▶ _PROBLEM DESCRIPTION_
The expected output is every line of the data exactly as shown, minus the images.

(Dataset entries)
::::::::::

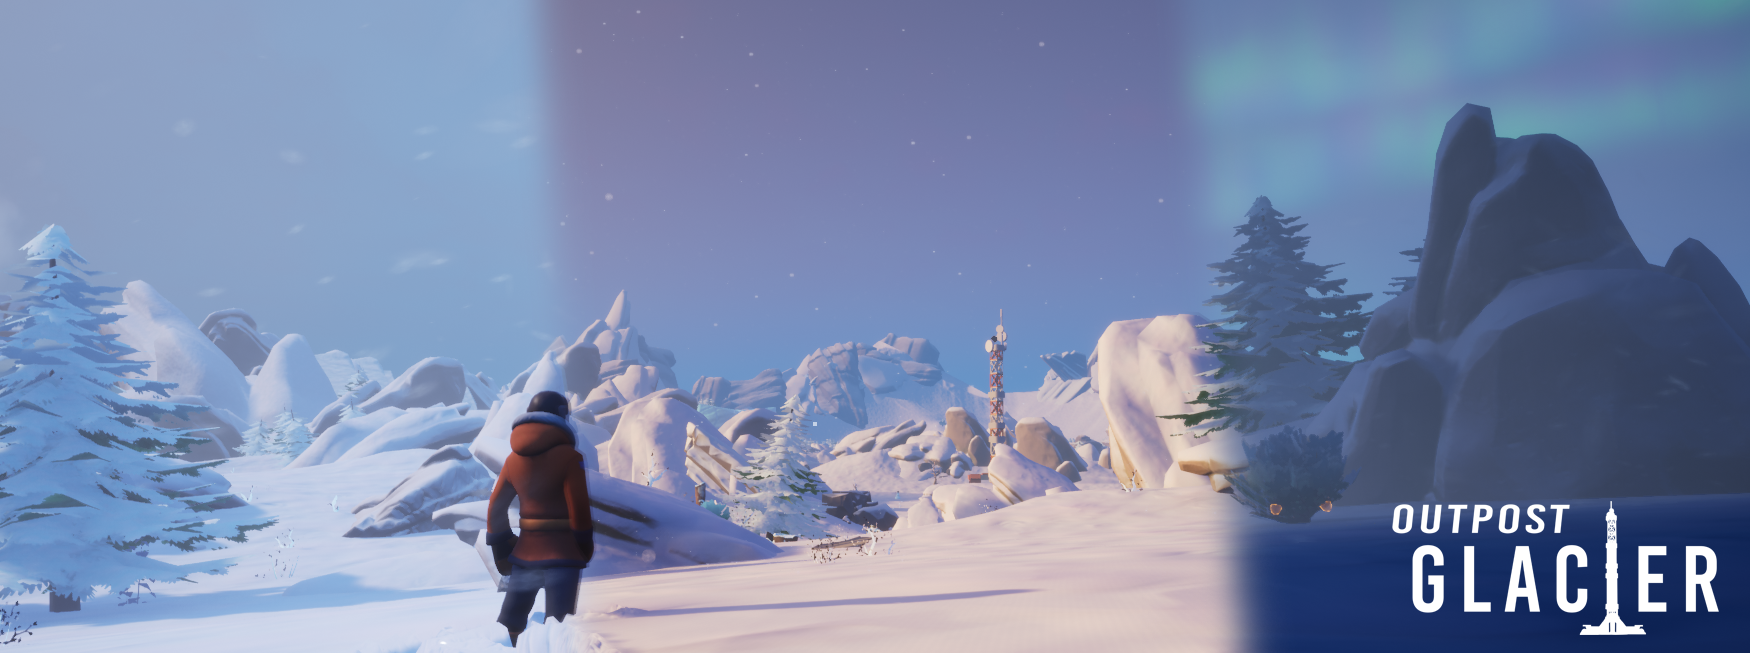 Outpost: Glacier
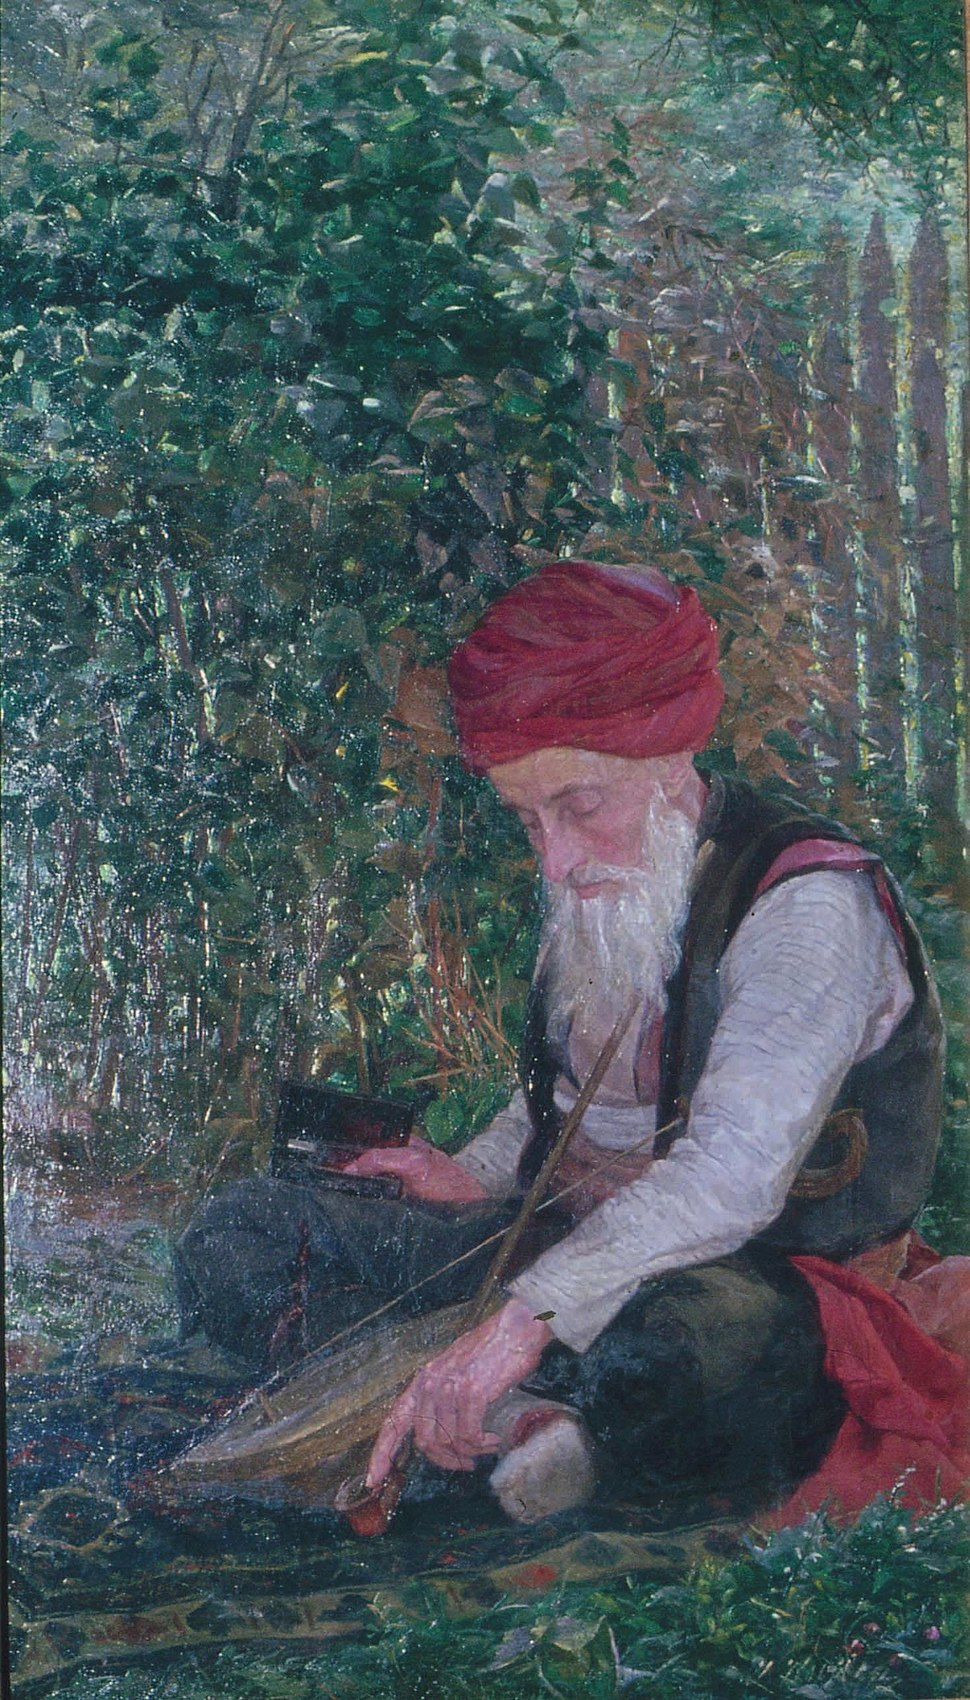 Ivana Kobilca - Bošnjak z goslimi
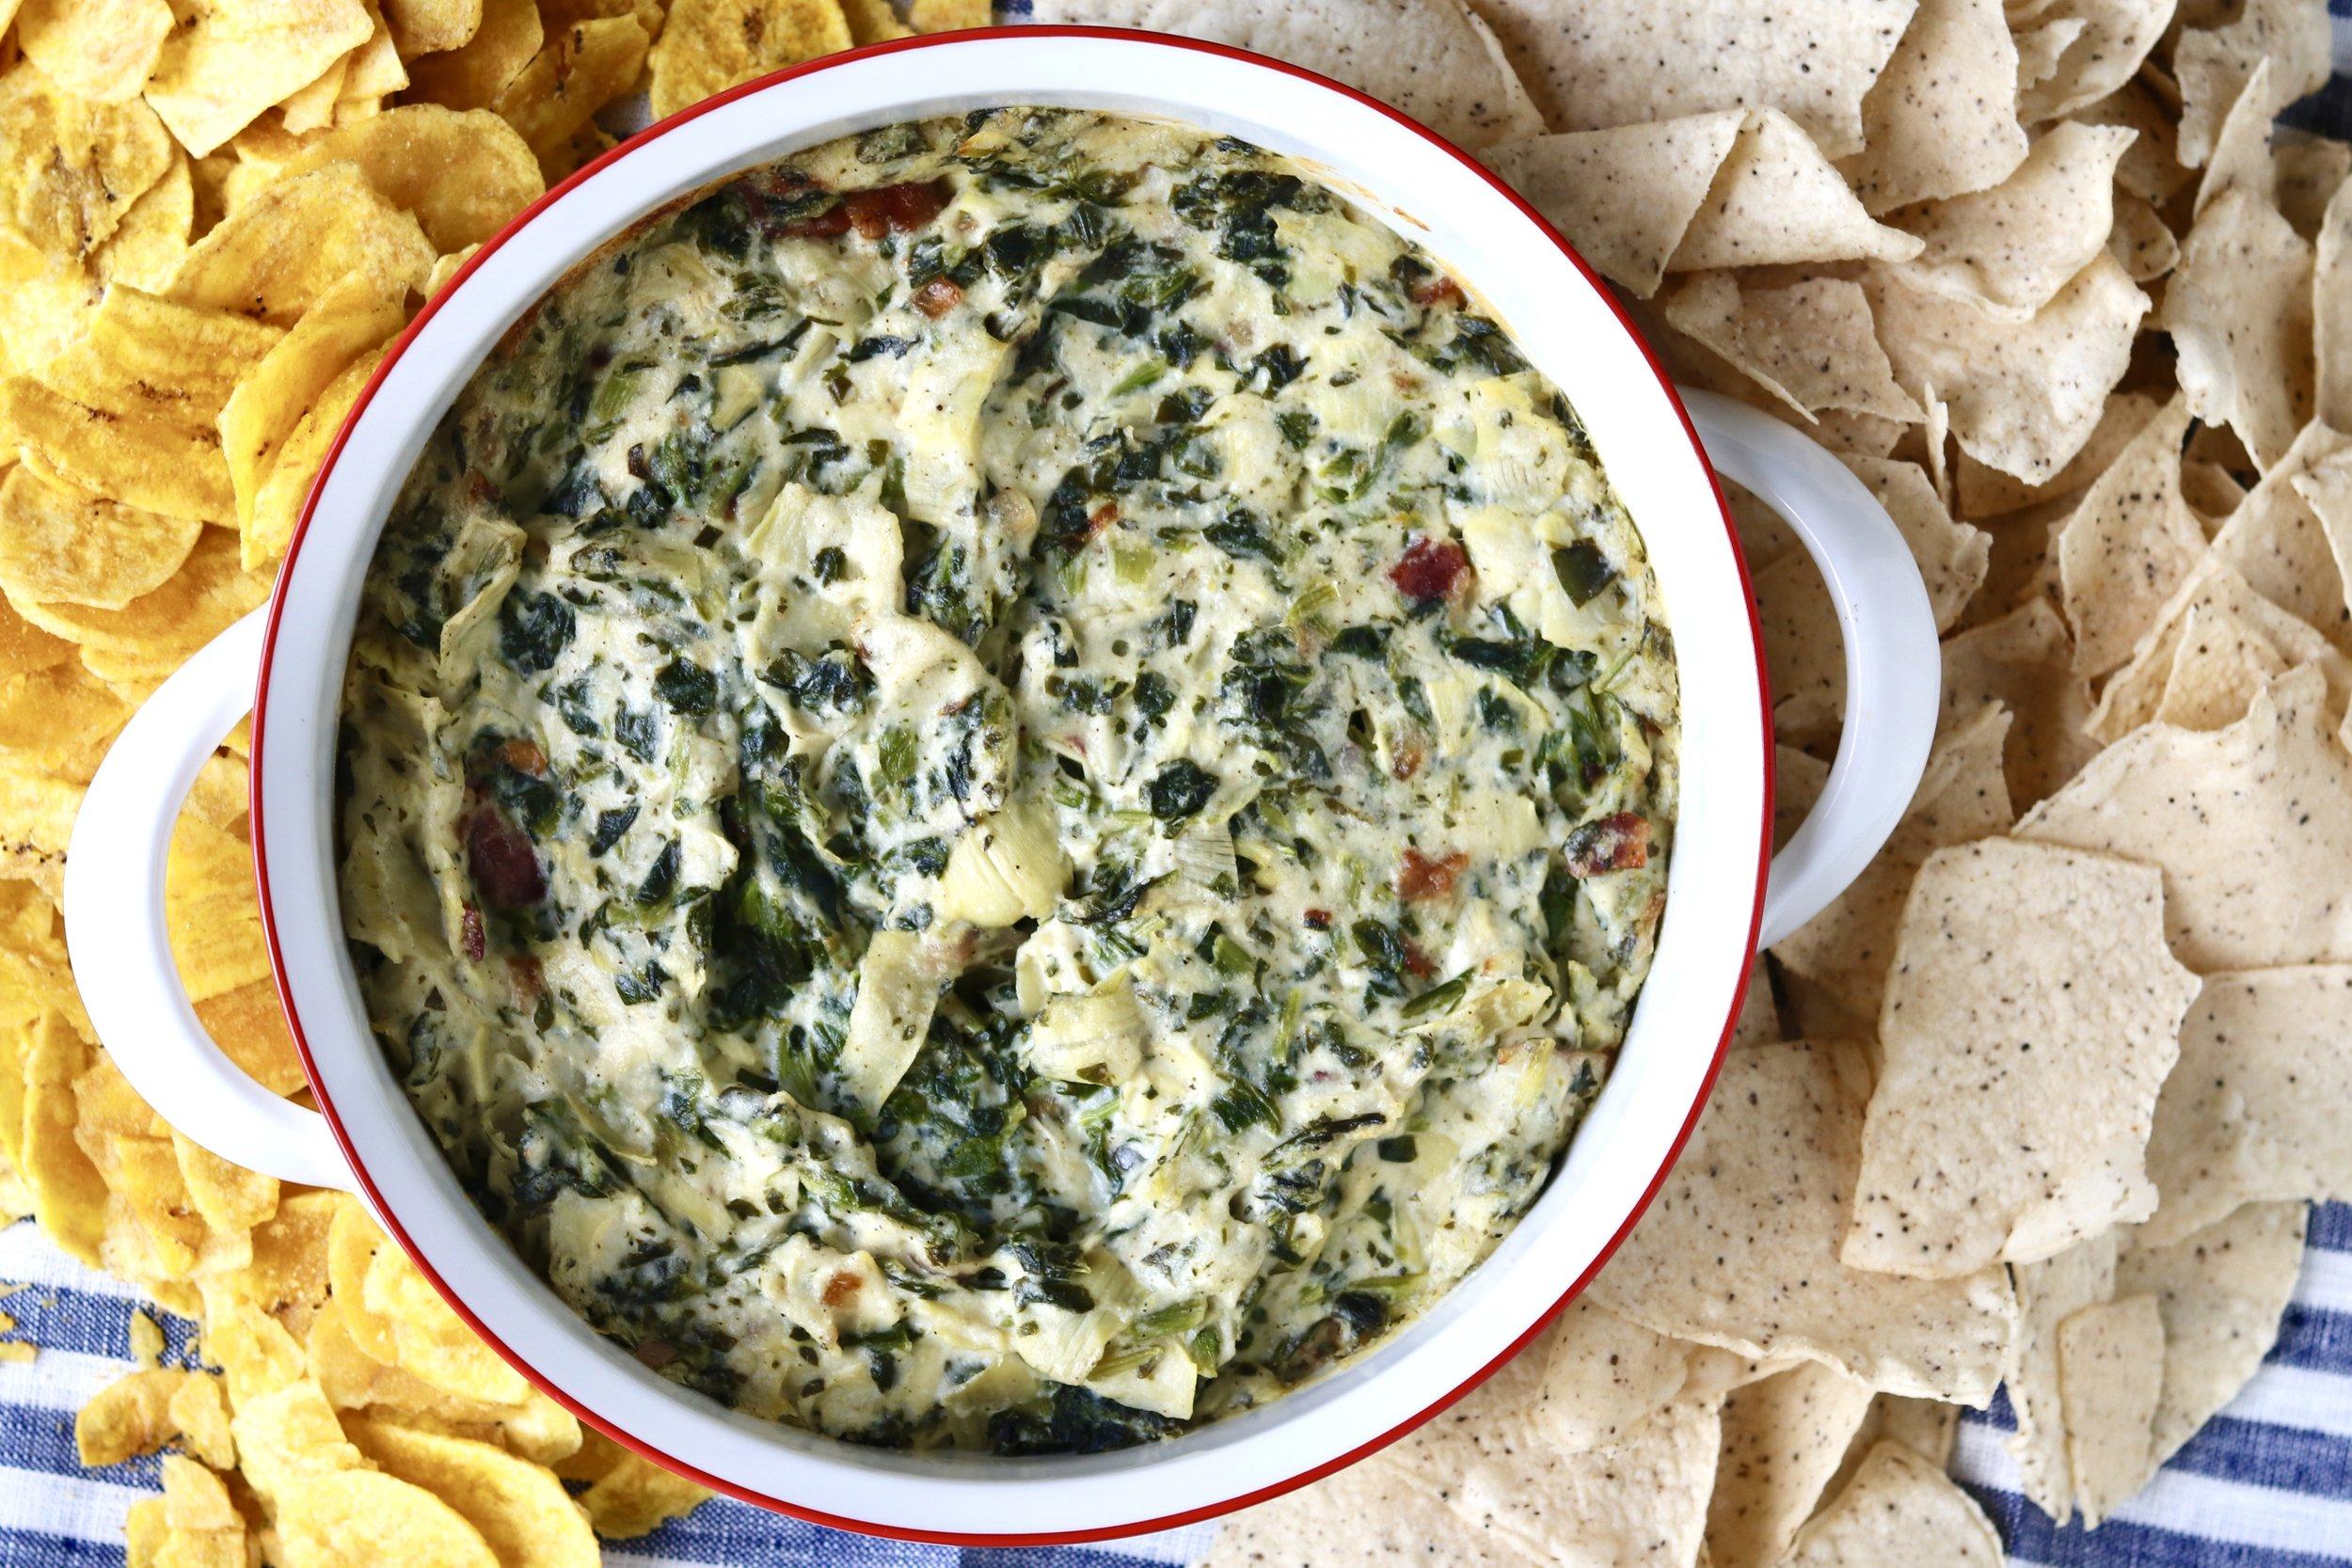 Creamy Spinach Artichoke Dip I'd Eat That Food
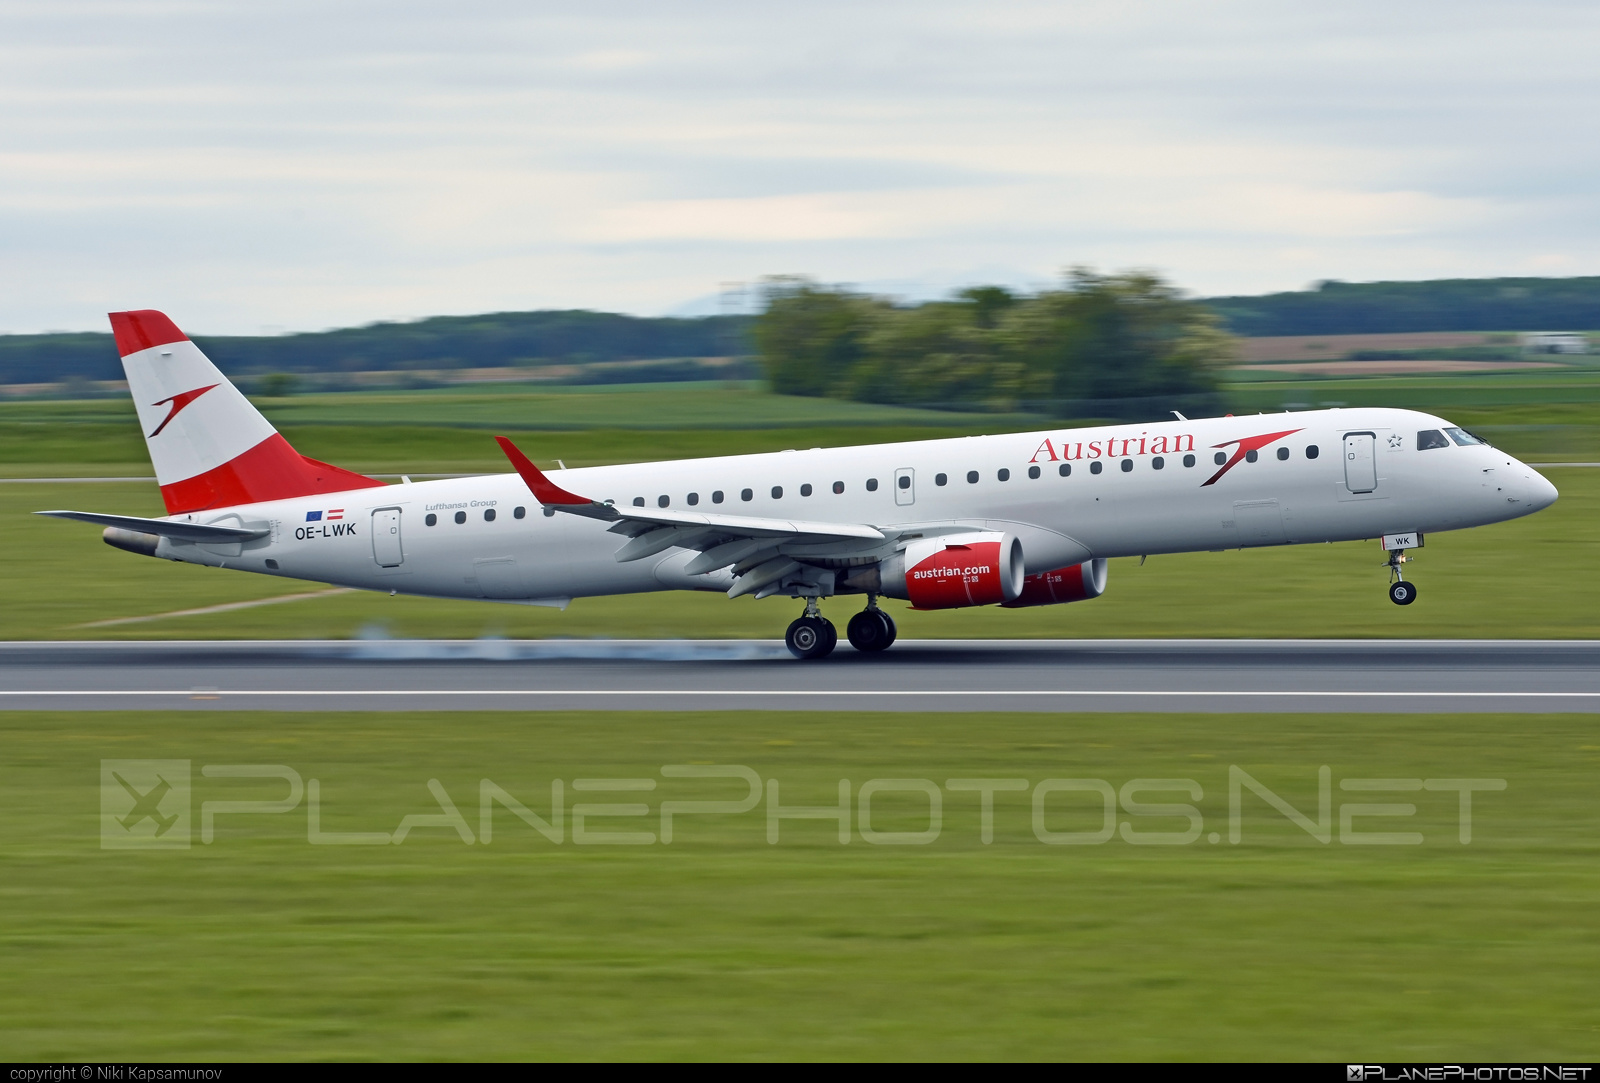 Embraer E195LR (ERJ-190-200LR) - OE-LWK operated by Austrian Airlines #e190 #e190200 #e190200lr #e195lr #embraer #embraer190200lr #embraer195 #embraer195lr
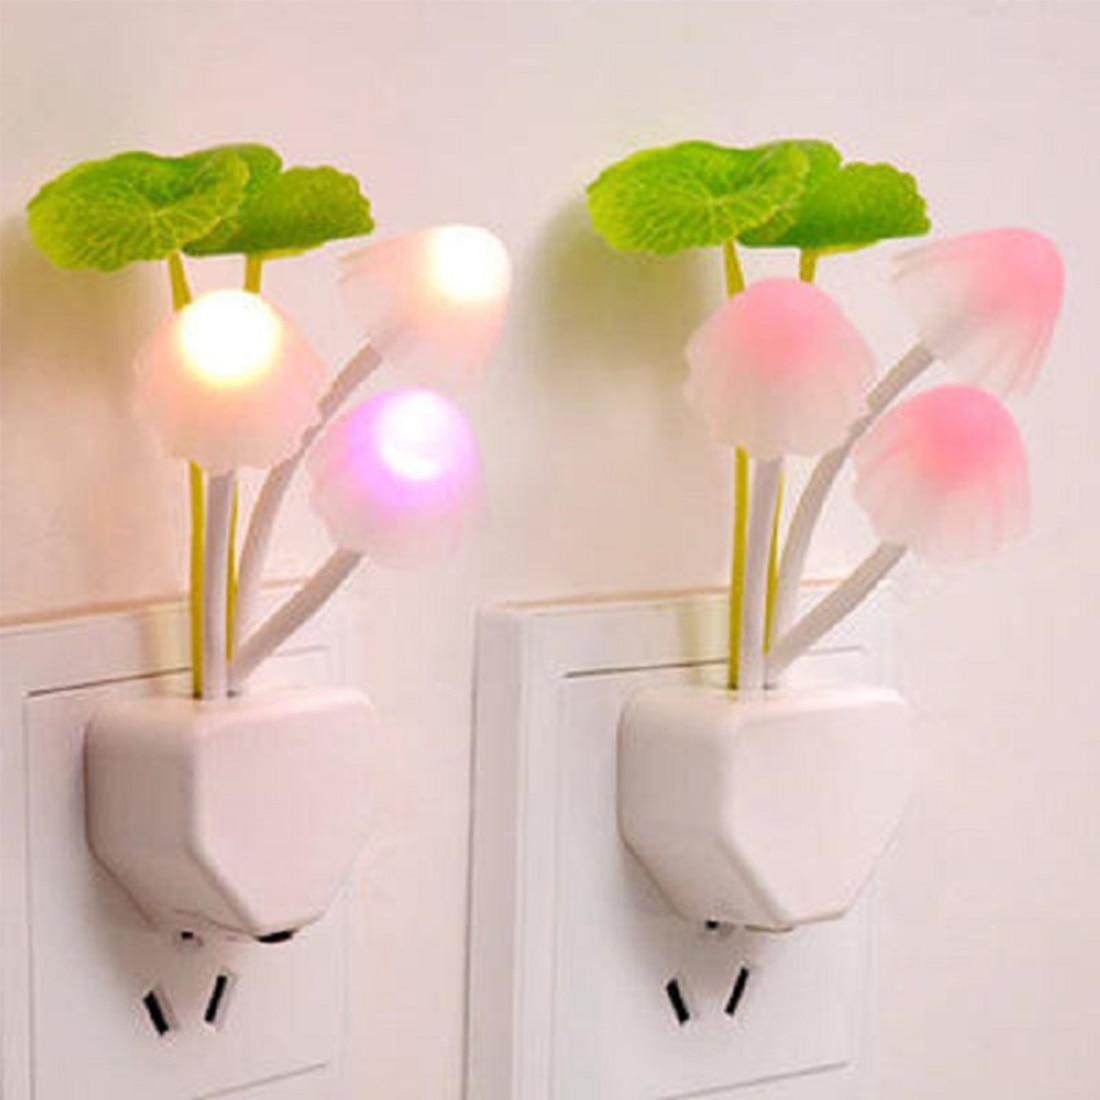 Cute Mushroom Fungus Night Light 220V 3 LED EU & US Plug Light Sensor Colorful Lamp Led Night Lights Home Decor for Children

::::::::::

▶ _WRITTEN ANSWER_
 Outpost: Glacier
 Ivana Kobilca - Bošnjak z goslimi
 Creamy Spinach Artichoke Dip I'd Eat That Food
 Embraer E195LR (ERJ-190-200LR) - OE-LWK operated by Austrian Airlines #e190 #e190200 #e190200lr #e195lr #embraer #embraer190200lr #embraer195 #embraer195lr
 Cute Mushroom Fungus Night Light 220V 3 LED EU & US Plug Light Sensor Colorful Lamp Led Night Lights Home Decor for Children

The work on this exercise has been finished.